The organism that causes tetanus, Clostridium tetani is ubiquitous throughout the world. As the disease is acquired through environmental exposure, it is one of the few vaccine-preventable diseases that is infectious but not contagious from human-to-human. The incidence of tetanus in a country or region depends on vaccine coverage in both children and adults. In resource-rich countries, such as the UK, vaccine coverage is high [2] and the number of tetanus cases reported is very low. In resource-poor countries however, vaccine coverage is variable and the incidence tends to be higher.

The World Health Organization (WHO) reported 15,516 worldwide cases of tetanus in 2005, and an estimated 290,000 deaths between 2000 – 2003; most of these cases occurred in neonates [3, 4].

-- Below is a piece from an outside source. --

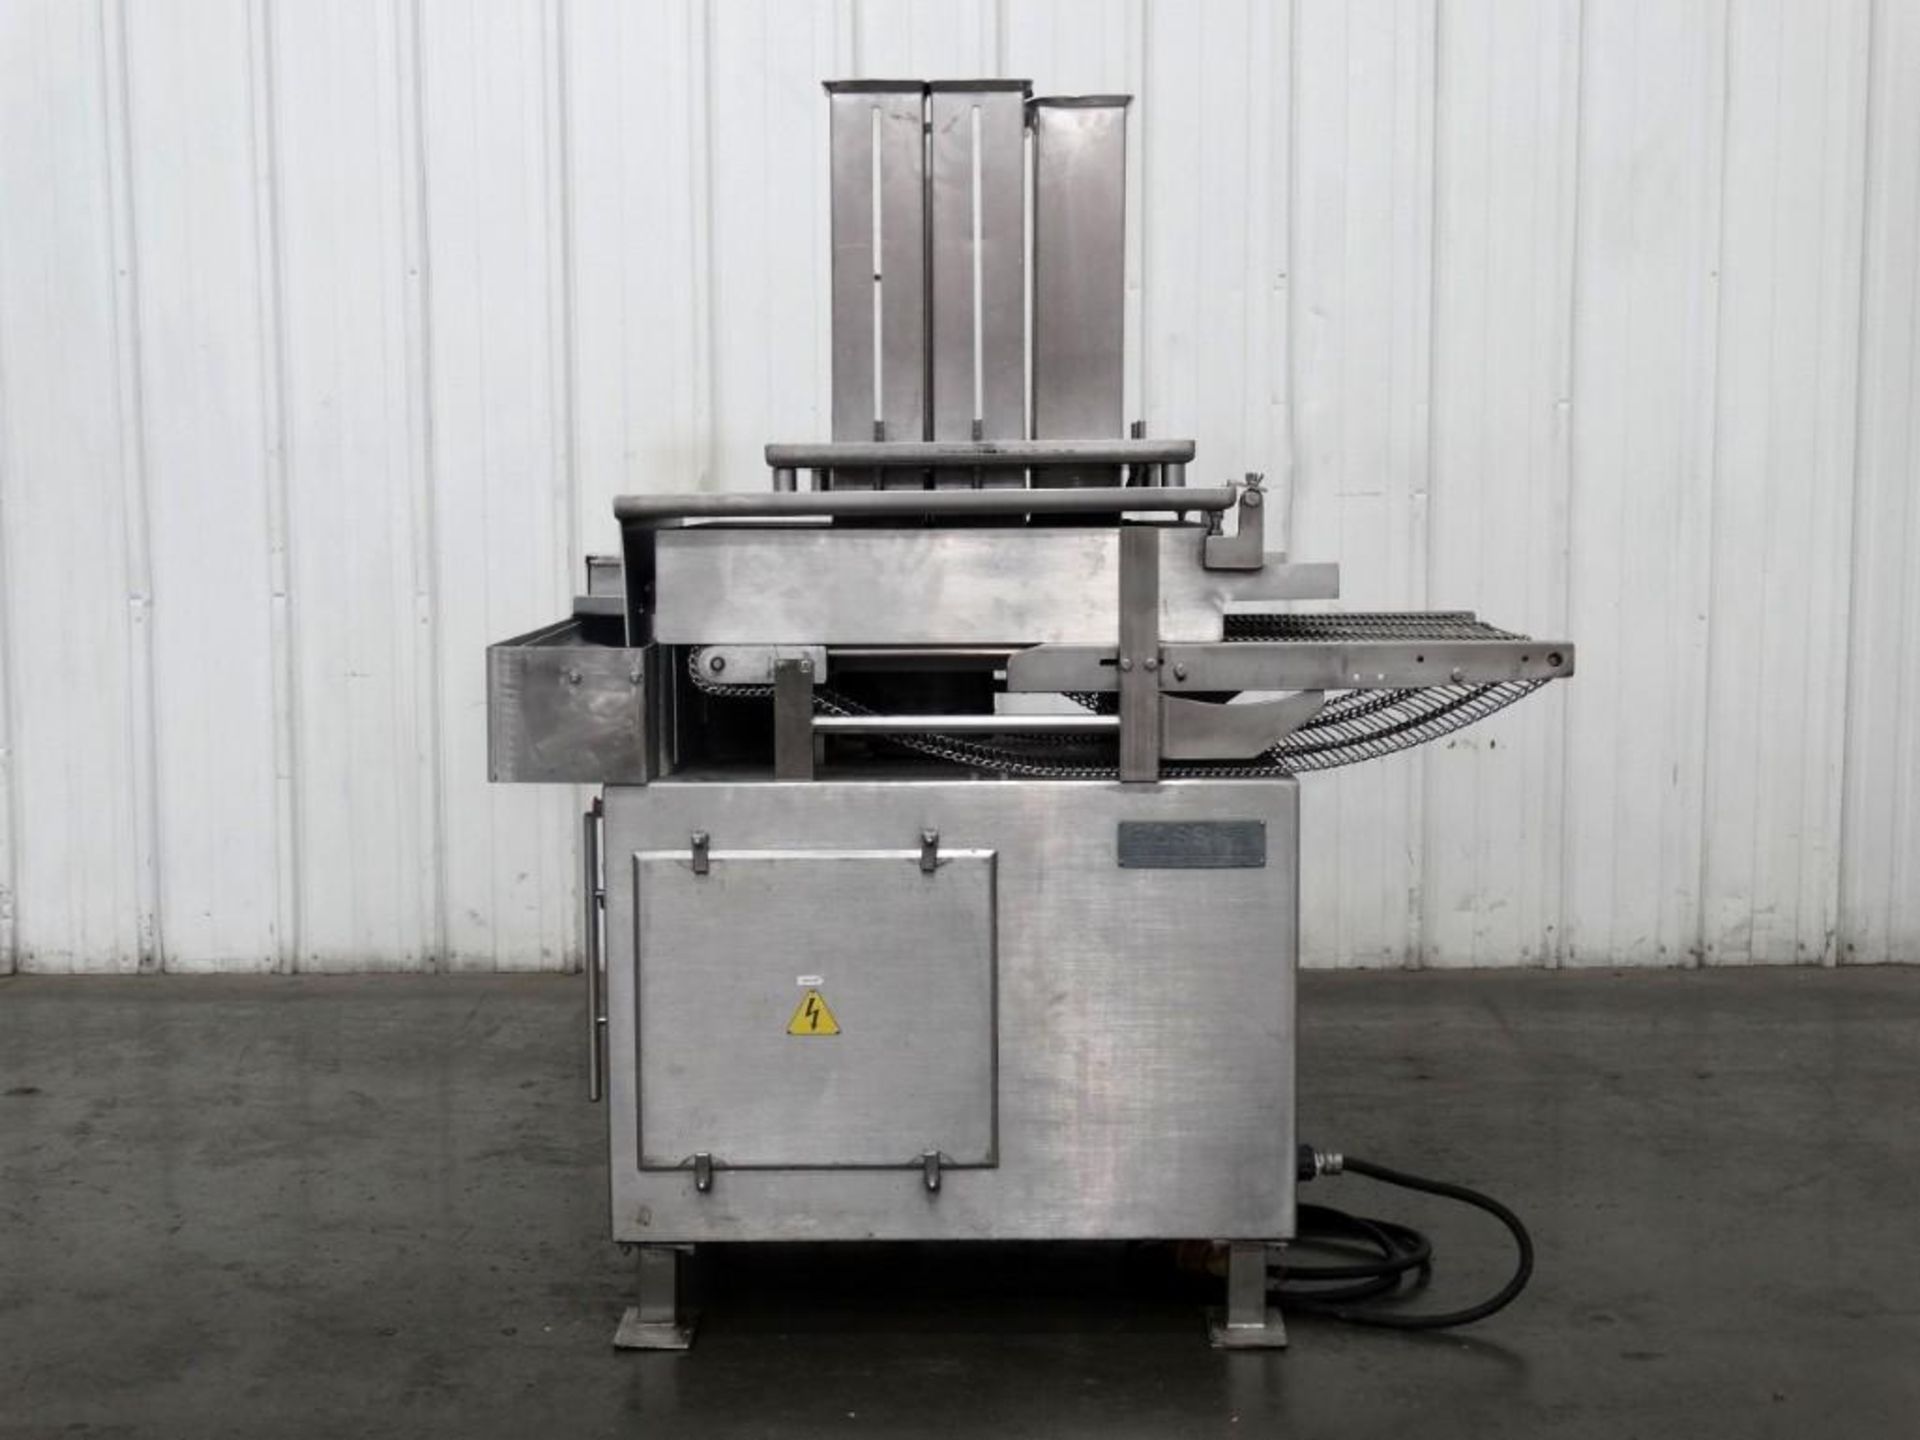 Ross Model 950-4 Stainless Steel Meat Slicer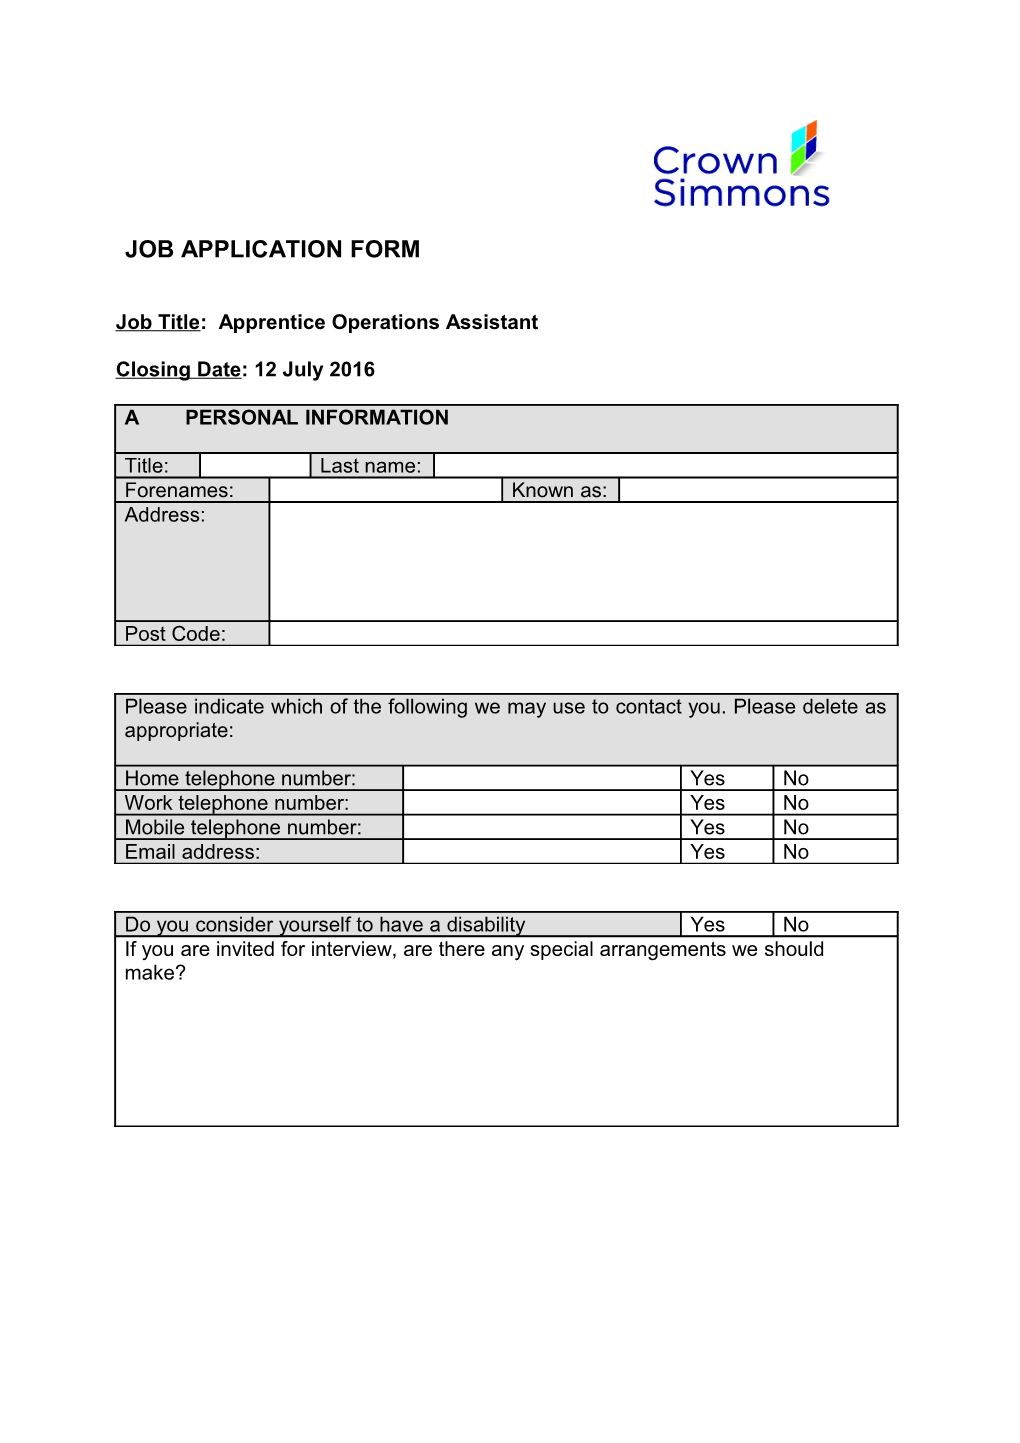 Job Title: Apprentice Operations Assistant

Neonatal tetanus is an important problem in resource-poor countries where routine vaccination coverage may not be adequate and unclean procedures are practiced such as when the umbilical cord is cut after childbirth. The 1989 World Health Assembly set a goal to eliminate neonatal tetanus globally (definition of elimination being <1 cases per 1000 live births in each health district in every country) by 2000; this has not yet been achieved but progress has been made [5]. In 2003, there were 8,997 cases of neonatal tetanus reported to the WHO; 78% of those were reported from ten countries; four countries in sub-Saharan Africa (465 in Democratic Republic of the Congo, 353 in Chad, 316 in Uganda, 238 in Guinea), three in SE Asia (2,245 in China, 238 in Cambodia, 239 in the Philippines), and three in the Indian sub-continent (1,691 in India, 812 in Pakistan, 390 in Bangladesh) [6]. Since the elimination goal was set, the global number of cases reported has decreased for both neonatal cases and total tetanus cases, although the numbers must be interpreted with caution as there is great variability in reporting systems. For example, some countries such as China and Chad only report neonatal cases, and some countries are unable to submit any data for some years.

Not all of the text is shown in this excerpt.